I tested it but it's seems doesnt work and the text about that is very short.

> how to call a metrics from a dataset in a scenario step for store it as a project variable ?

Has anyone used this feature before ? 

retrieve metric.PNG

By the way I dont get a second point, the description seems explain every check/metrics’ results for that dataset is stored as a variable by default ? And we can call it with : parseJson(stepOutput_the_metrics)[‘PROJ.computed’].results for example. Never notice this point before.

Answers

  • ismayiltahirov
    ismayiltahirov Dataiker, Dataiku DSS Core Designer, Dataiku DSS Adv Designer, Registered Posts: 4 Dataiker

    Hello,

    You can call a metric from data set or data folder with compute metrics or run checks scenario step.

    https://doc.dataiku.com/dss/latest/scenarios/steps.html#compute-metrics
    https://doc.dataiku.com/dss/latest/scenarios/steps.html#run-checks

    Then you can use the value of the stepOutput_<stepname> in the next Set Project variable or Define Scenario Variable step

    https://doc.dataiku.com/dss/latest/scenarios/steps.html#define-variables-set-project-variables-set-global-variables

    The json value of compute metric step output parsing example is given here

    https://doc.dataiku.com/dss/latest/scenarios/variables.html#retrieving-the-message-of-a-check

    You can also refer to the DSS formula language reference for filtering and parsing JSON objects

    https://doc.dataiku.com/dss/latest/formula/index.html#control-structures
    https://doc.dataiku.com/dss/latest/formula/index.html#object-functions

    Also the below community post may be helpful for you. You can find the example of retrieving files_count metric and setting it to the scenario variable.

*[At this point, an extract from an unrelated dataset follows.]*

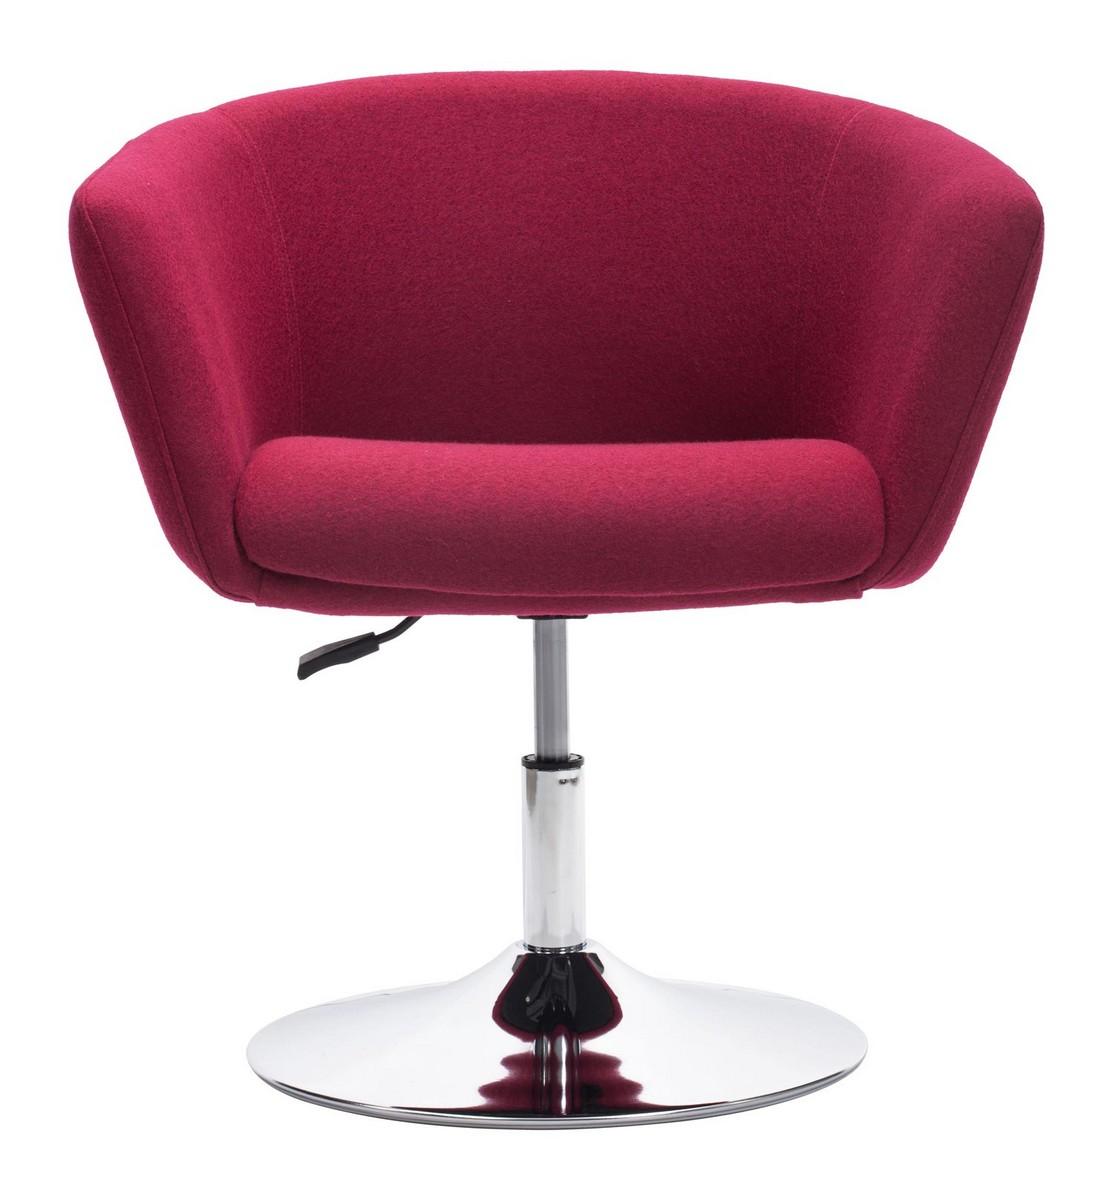 Zuo Modern Umea Occasional Chair - Carnelian Red
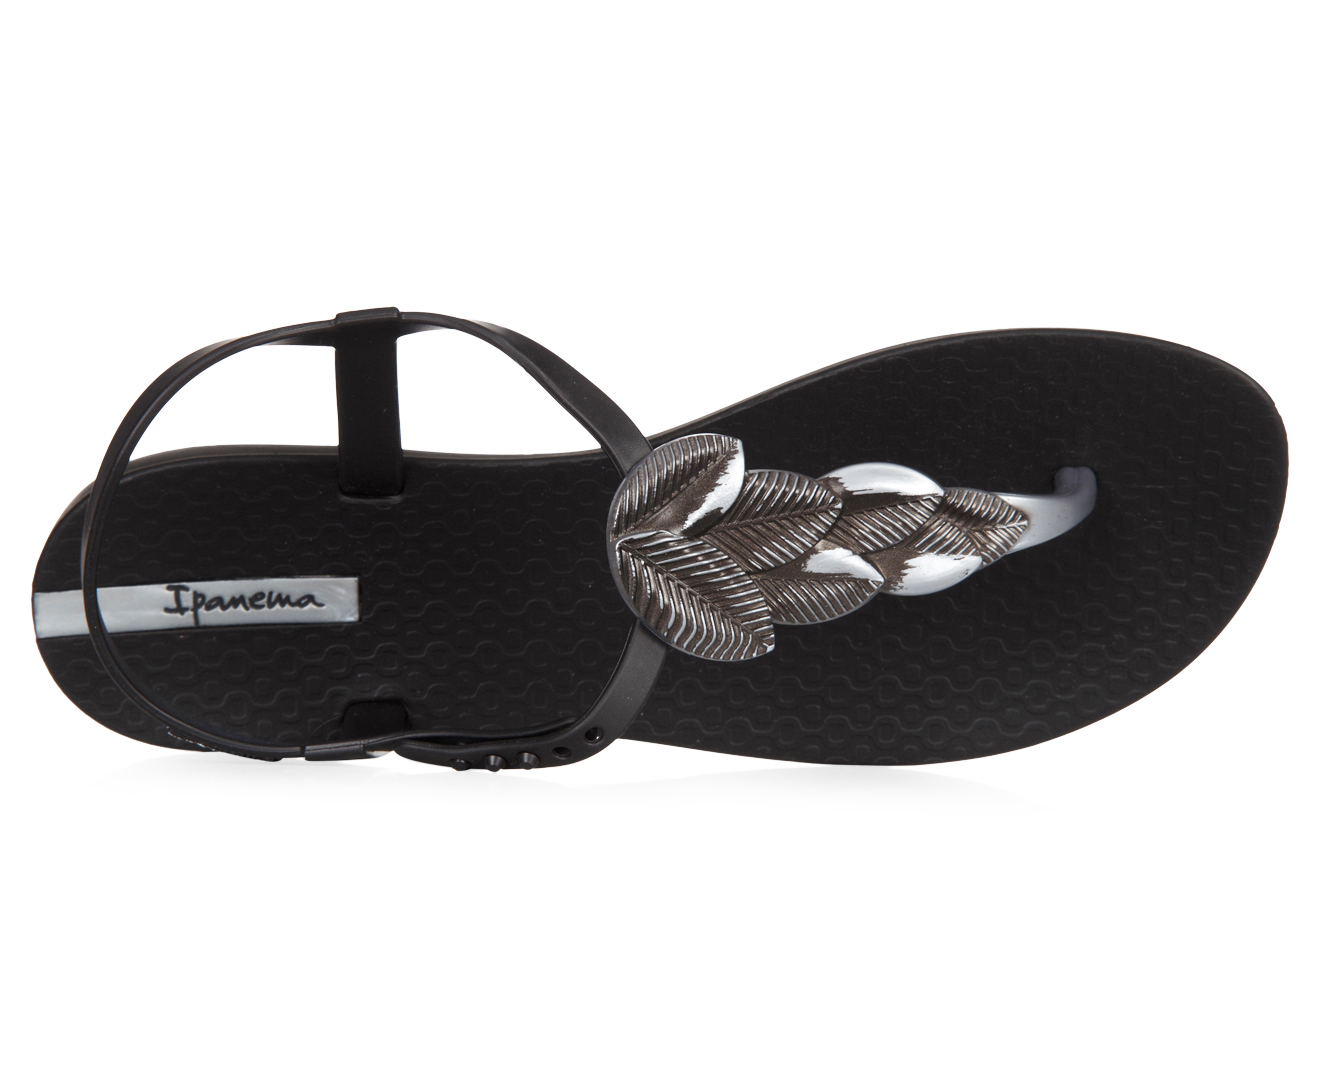 Cloverleaf Home Interiors Ipanema Sandals Australia 28 Images Ipanema Sandals

    https://community.dataiku.com/t5/Using-Dataiku/Conditional-execute-of-scenario-step-without-steps-failing-or/td-p/26710

  • Jason
    Jason Registered Posts: 32 ✭✭✭✭✭
    edited July 17

    I'm definitely NOT doing it the way the documentation says to do it, but I'm using a python script to toss out partitions in a partitioned dataset that failed to achieve a significant amount of training data. To do this, I compute the metrics on the final partition that would lead to training, and then - as part of the scenario - provide only those partitions to the model training. Most of that is not pertinent to your question, but in the snippet below you can see how I access the metrics to make decisions for the scenario. There seems to be quite a bit of info in the computed metrics, so I distilled it down to just what I needed with a dict comprehension, but for your purposes it would probably be good to spend some time familiarizing yourself with everything in there.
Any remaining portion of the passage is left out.